> **Try it**
Find the line containing "Модульная картина На" in the records below. Copy exactly that line and each one after it, ending at the line containing "Starcraft fantasy art", and nothing more.
[Records provided Boundary: Start]
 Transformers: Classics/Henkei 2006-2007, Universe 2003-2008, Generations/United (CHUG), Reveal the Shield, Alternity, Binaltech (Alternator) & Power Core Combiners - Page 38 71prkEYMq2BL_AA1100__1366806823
[Records provided Boundary: End]
[Records provided Boundary: Start]
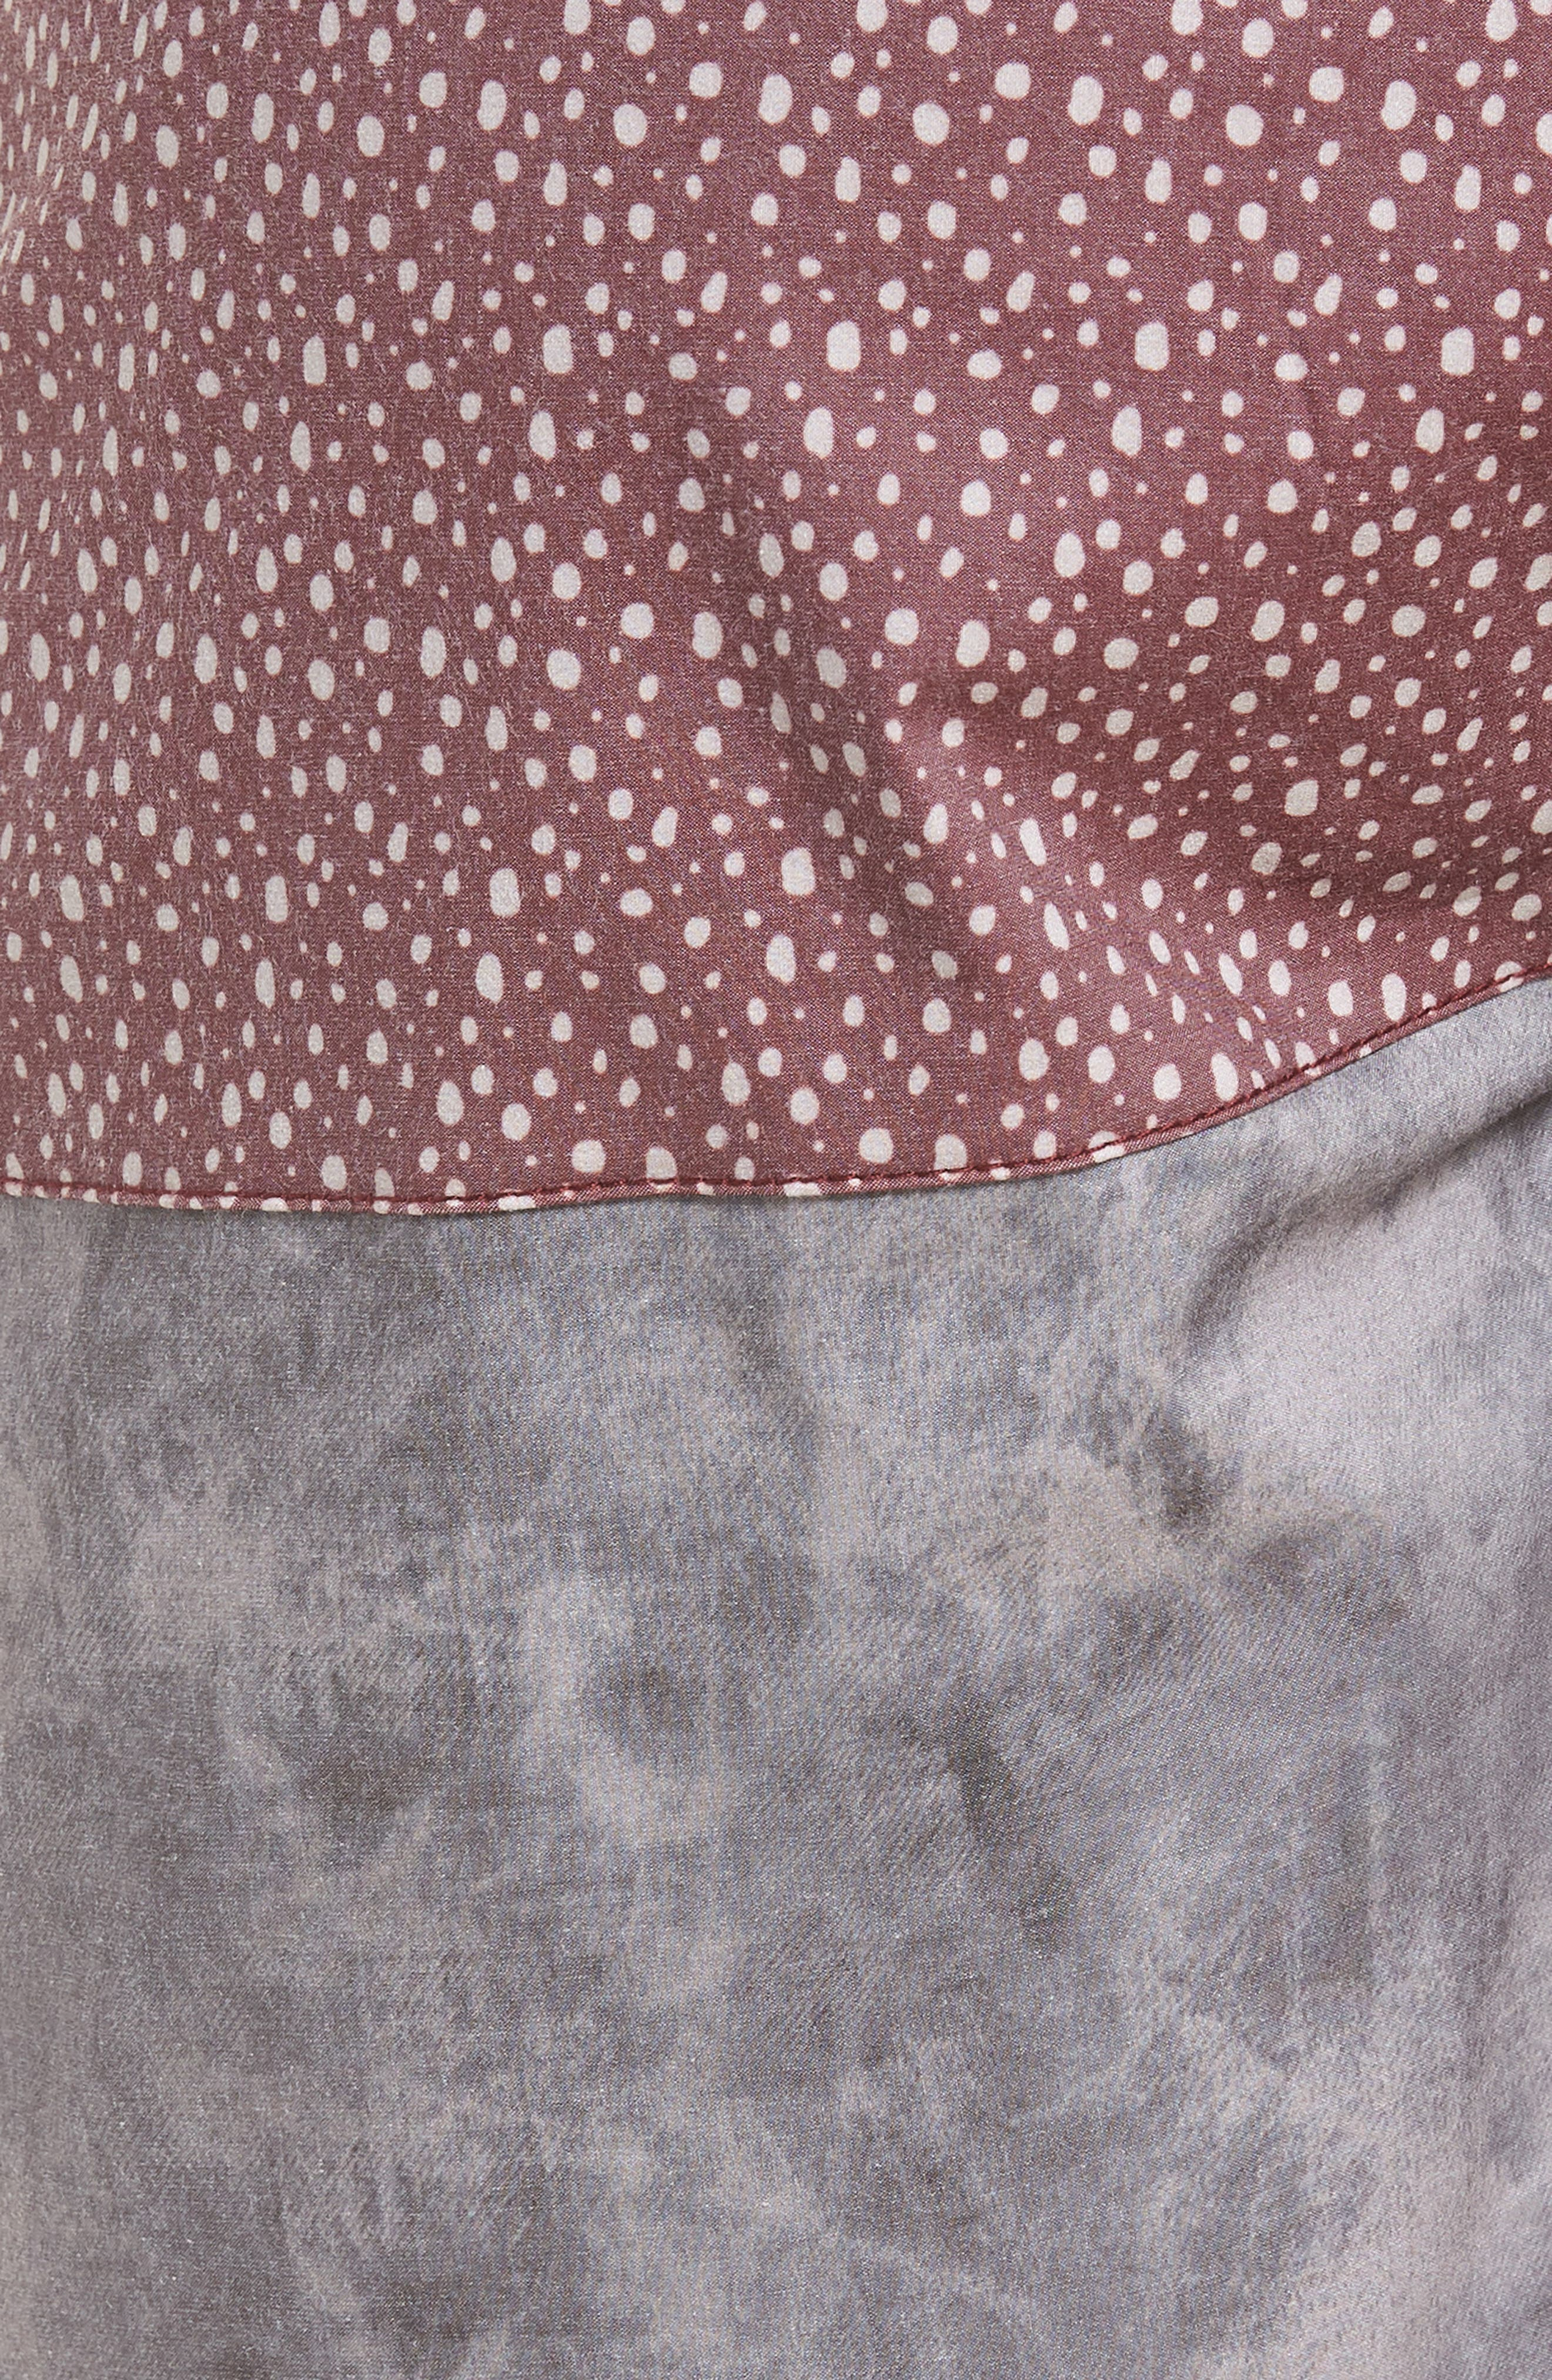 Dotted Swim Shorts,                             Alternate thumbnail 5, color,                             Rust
[Records provided Boundary: End]
[Records provided Boundary: Start]
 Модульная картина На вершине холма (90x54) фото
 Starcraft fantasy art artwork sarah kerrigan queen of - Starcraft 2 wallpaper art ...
[Records provided Boundary: End]
> **Result**
 Модульная картина На вершине холма (90x54) фото
 Starcraft fantasy art artwork sarah kerrigan queen of - Starcraft 2 wallpaper art ...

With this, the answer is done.